• _EXERCISE REQUIREMENTS_: The answer must give back every line of the data exactly, with no pictures.

(Entries taken from a collection)
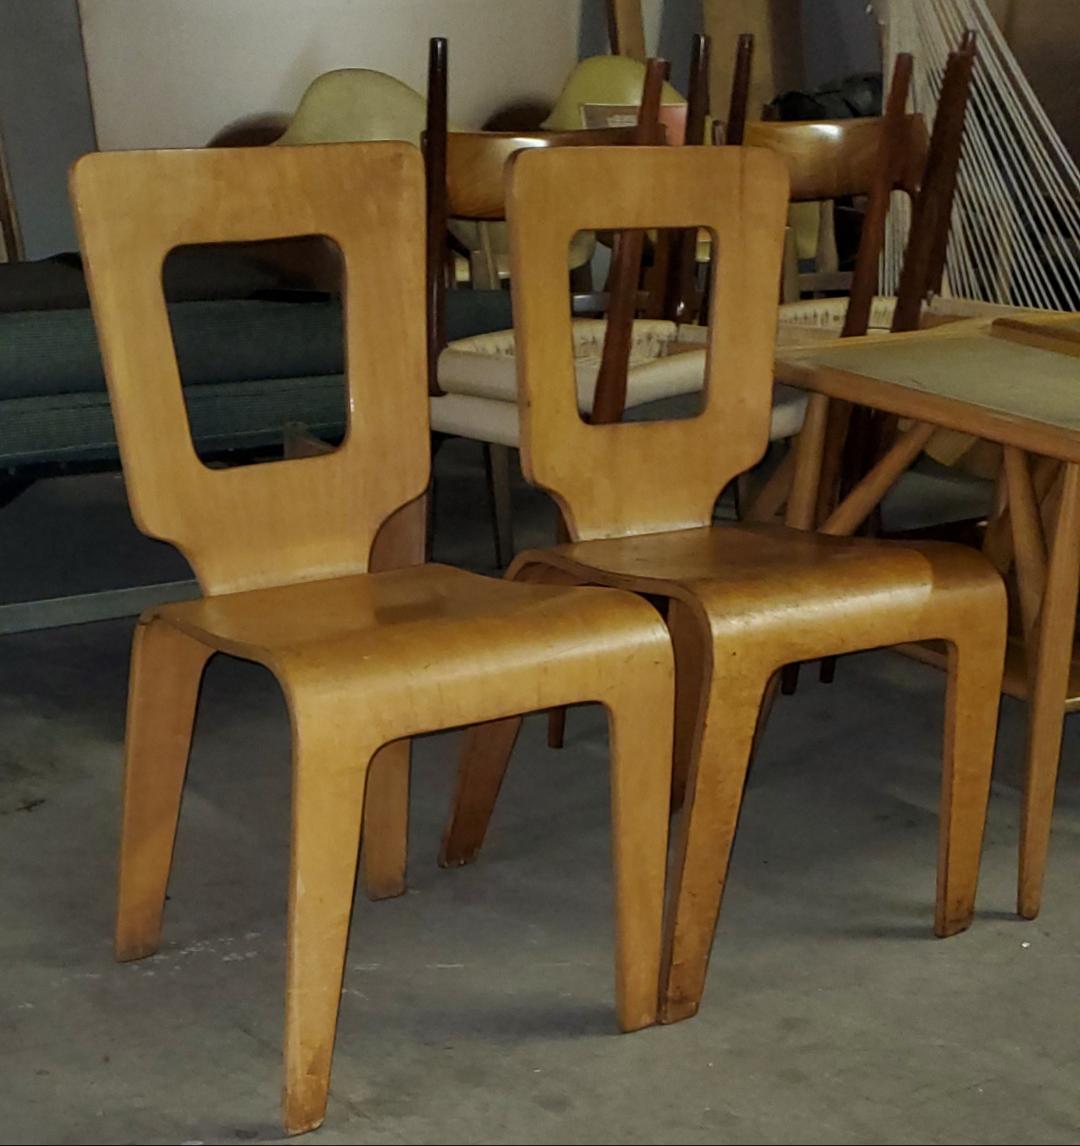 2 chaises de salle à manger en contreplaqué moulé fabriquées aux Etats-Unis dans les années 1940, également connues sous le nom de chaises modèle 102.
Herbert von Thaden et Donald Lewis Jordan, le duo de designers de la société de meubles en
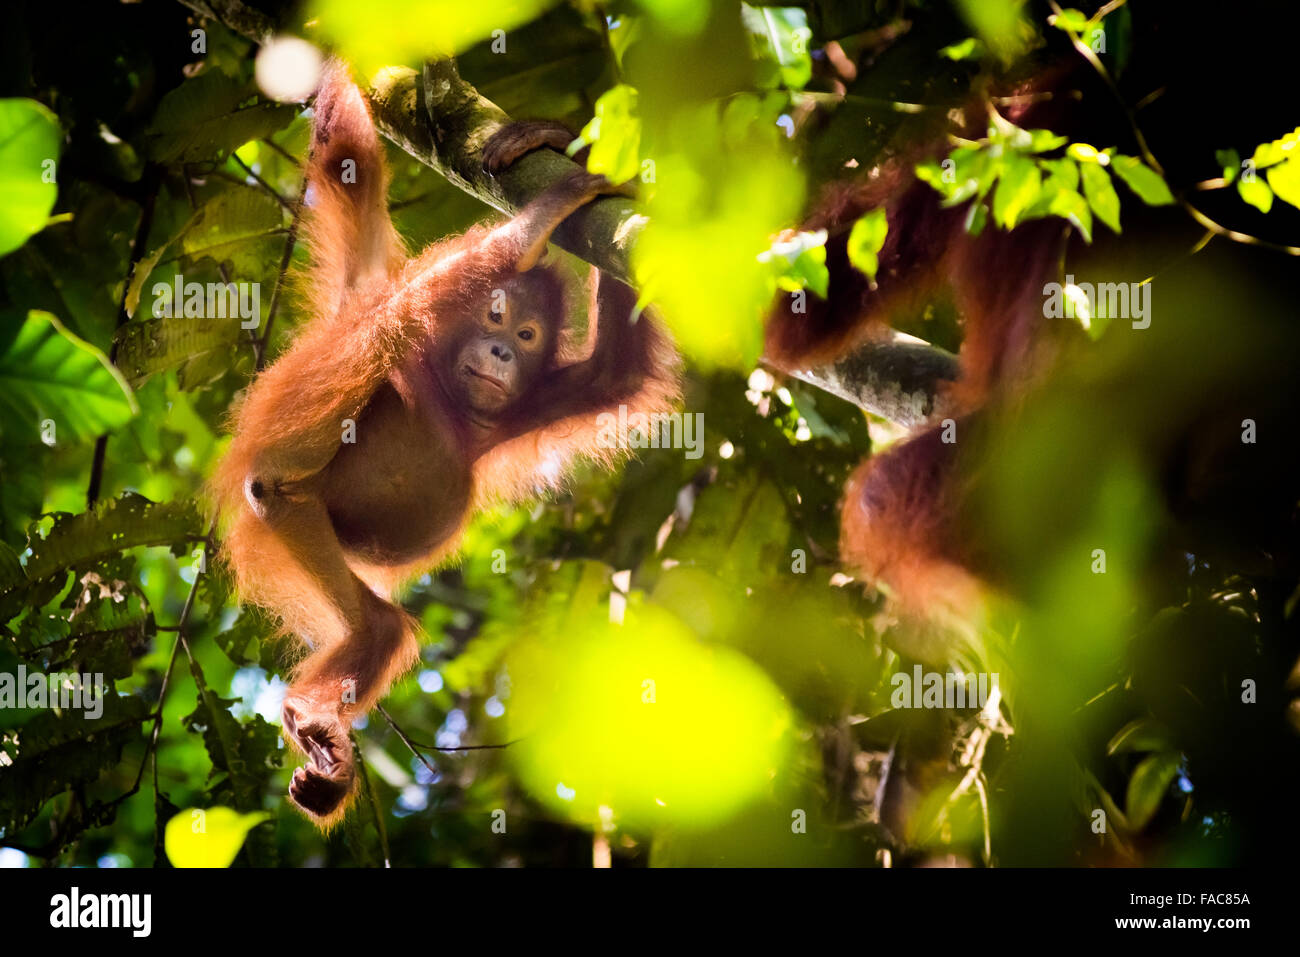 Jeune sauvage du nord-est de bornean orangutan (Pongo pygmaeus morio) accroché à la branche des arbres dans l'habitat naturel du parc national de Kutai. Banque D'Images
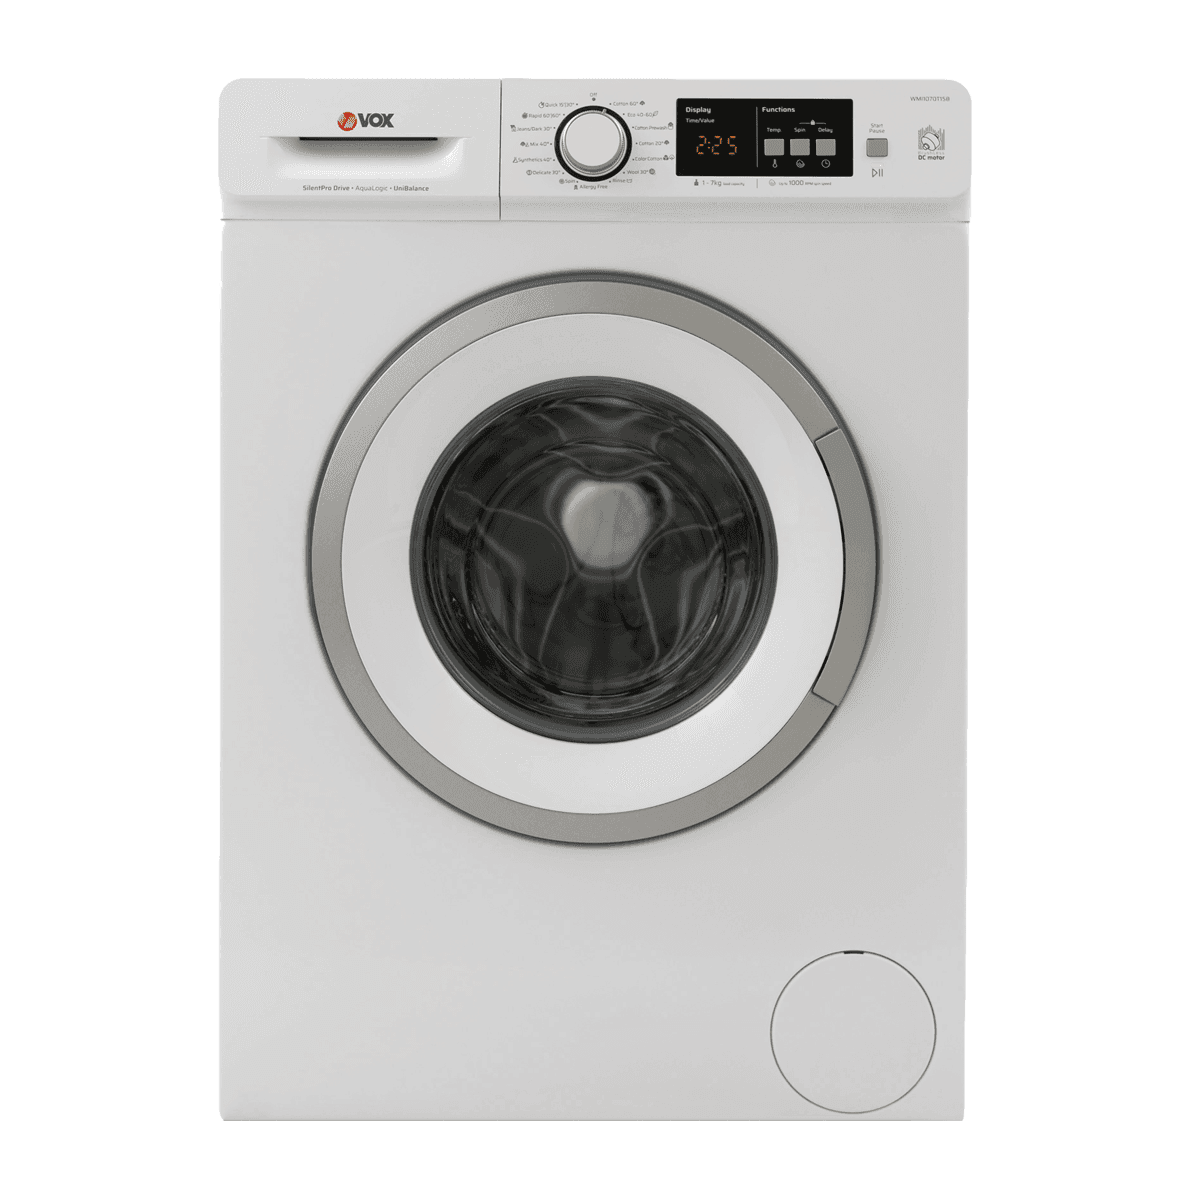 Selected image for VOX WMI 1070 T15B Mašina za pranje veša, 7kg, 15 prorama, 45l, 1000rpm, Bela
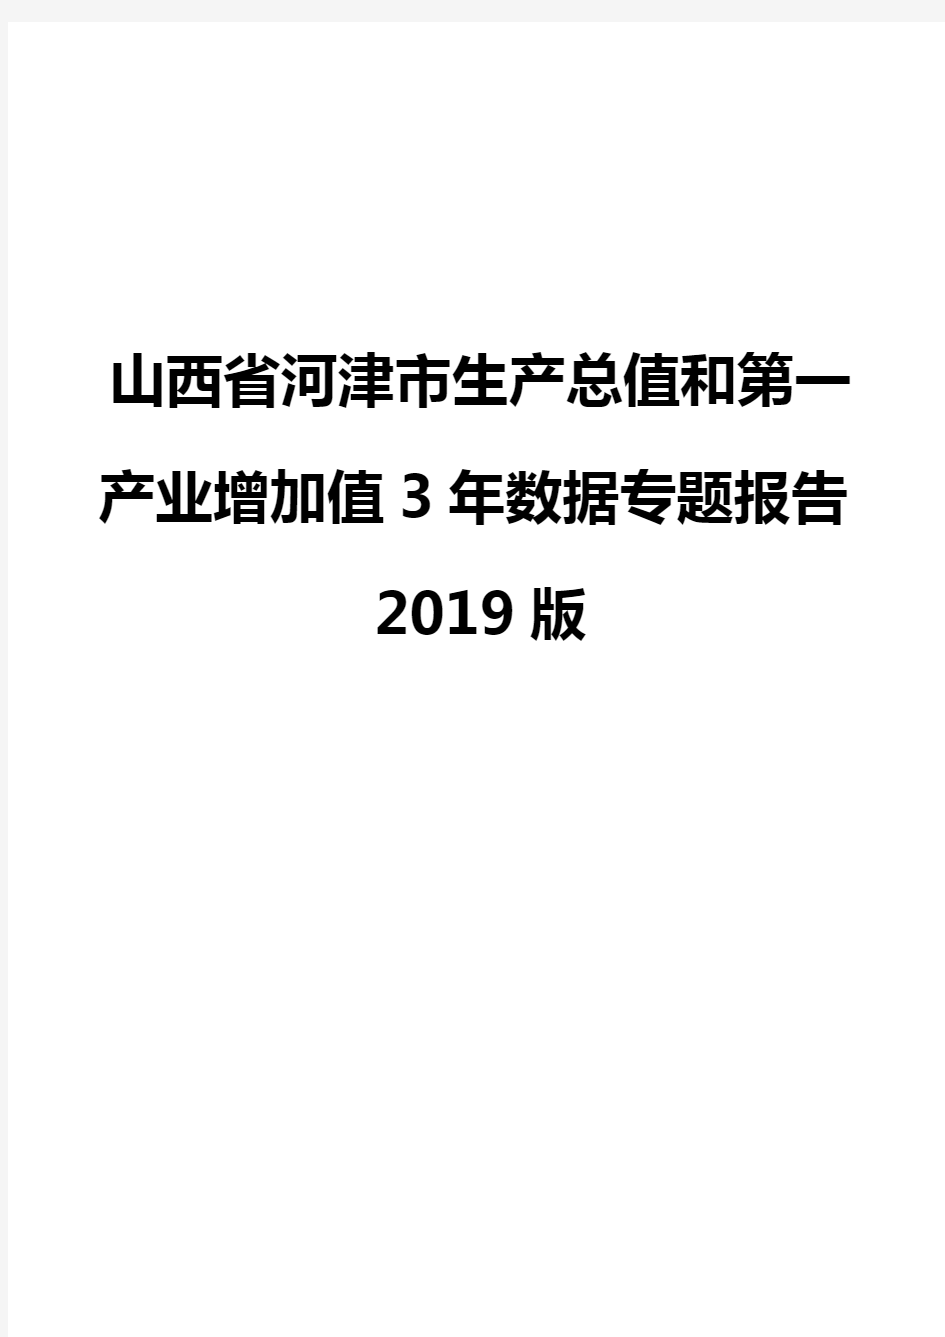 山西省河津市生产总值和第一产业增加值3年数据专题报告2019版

• _EXERCISE SOLUTION_:
 2 chaises de salle à manger en contreplaqué moulé fabriquées aux Etats-Unis dans les années 1940, également connues sous le nom de chaises modèle 102.
Herbert von Thaden et Donald Lewis Jordan, le duo de designers de la société de meubles en
 Jeune sauvage du nord-est de bornean orangutan (Pongo pygmaeus morio) accroché à la branche des arbres dans l'habitat naturel du parc national de Kutai. Banque D'Images
 Selected image for VOX WMI 1070 T15B Mašina za pranje veša, 7kg, 15 prorama, 45l, 1000rpm, Bela
 山西省河津市生产总值和第一产业增加值3年数据专题报告2019版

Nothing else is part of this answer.